Posted by: Cornwall Community Museum | June 29, 2016

Artifact of the Week. Painting – CORNWALL CANADA’S COMING CITY, 1958.


This oil painting was done by Mrs. T.A. Phelps.  (It measures 60 cm x 45 cm)


She wrote on the back:

This was done in 1958 and is very true with sailing boat and Canada Steamship Line passing at the same time and a plane overhead.  I gathered industries new buildings with old and churches into the picture and trees not all our cities have trees as we have.

This painting was donated to the Museum in 2008 by John and Elizabeth Dickey of Williamsburg.

The artistic license used to make the Seaway Building taller than it was and include the full steeple on St. John’s Presbyterian Church dovetail exactly with the confidence Cornwallites had with the building and near completion of the St. Lawrence Seaway.

Crowds danced in the streets when they heard that the last legal hurdle to the building of the Seaway was surmounted on June 7, 1954.


This aerial photograph taken above the canal and looking north, at the time the painting was done, shows just how much downtown Cornwall has changed over the last half century plus.

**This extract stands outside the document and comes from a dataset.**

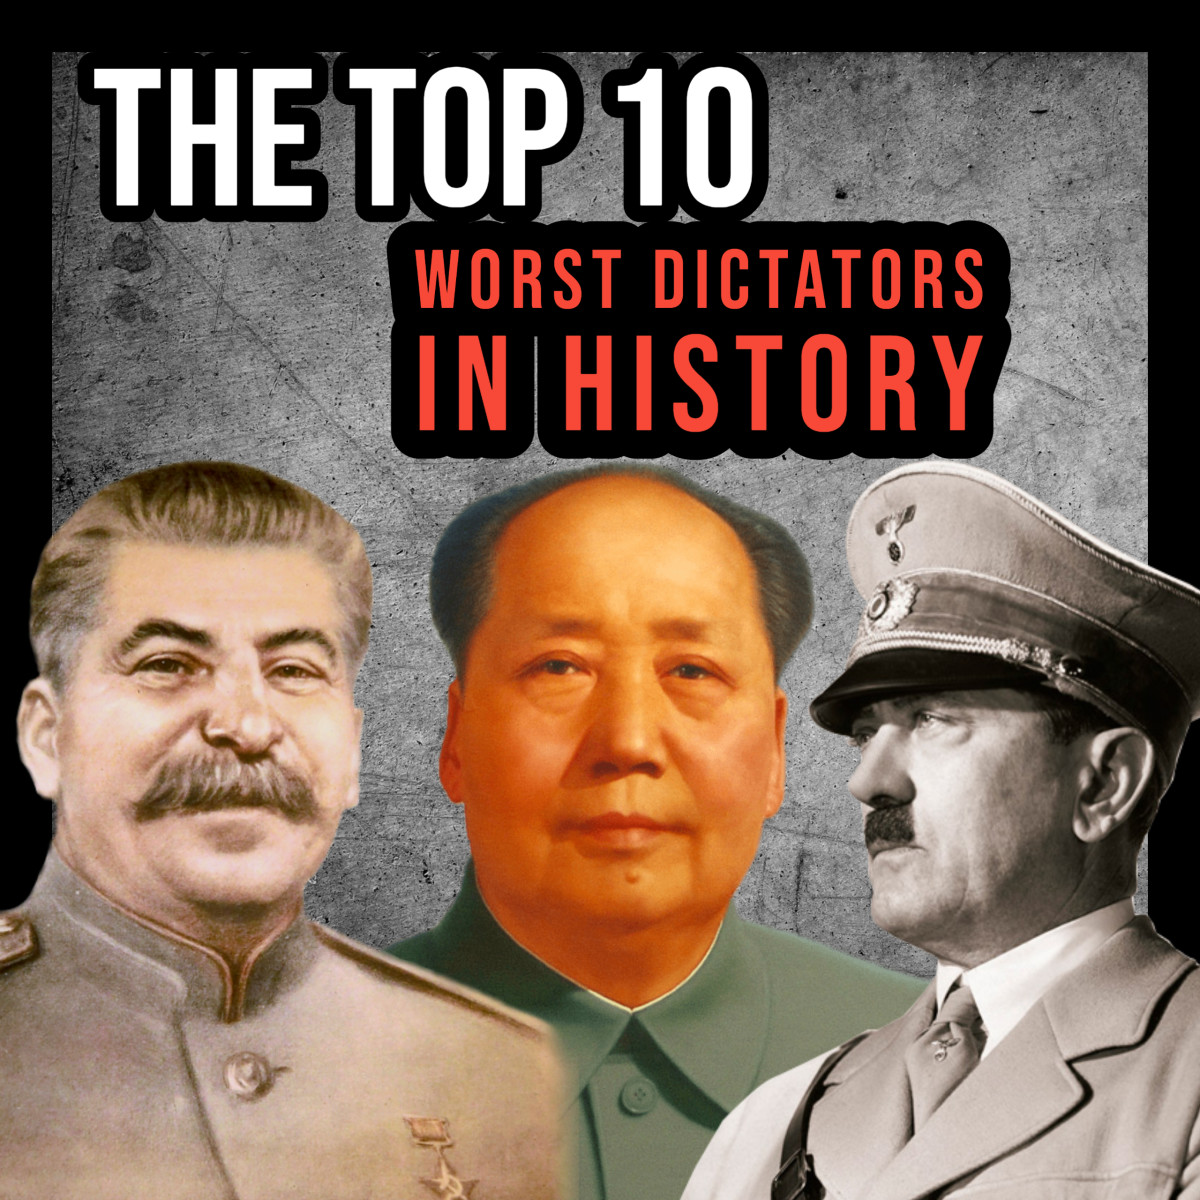 From Ivan the Terrible to Mao Zedong, this article ranks the 10 worst (and most brutal) dictators in human history!

The Canada Steamship Lines dock in the lower left is gone; Cornwall Square has replaced the east side of lower Pitt Street, along with the Street Railway Barns and St. Paul’s Church; the Snetsinger Block on the west side of the first intersection of Pitt and 1st was destroyed by fire; the Salvation Army Citadel, constructed in 1904 and just behind the Snetsinger Block is gone; both the Cornwallis Hotel and Capitol Theatre in the middle left are gone; the houses along the east side of Sydney Street in the lower right have been replaced by the street; and the built up portion of the City more or less ends at 11th street.

This painting and photograph are examples of artwork and photographs in the collection at the Cornwall Community Museum.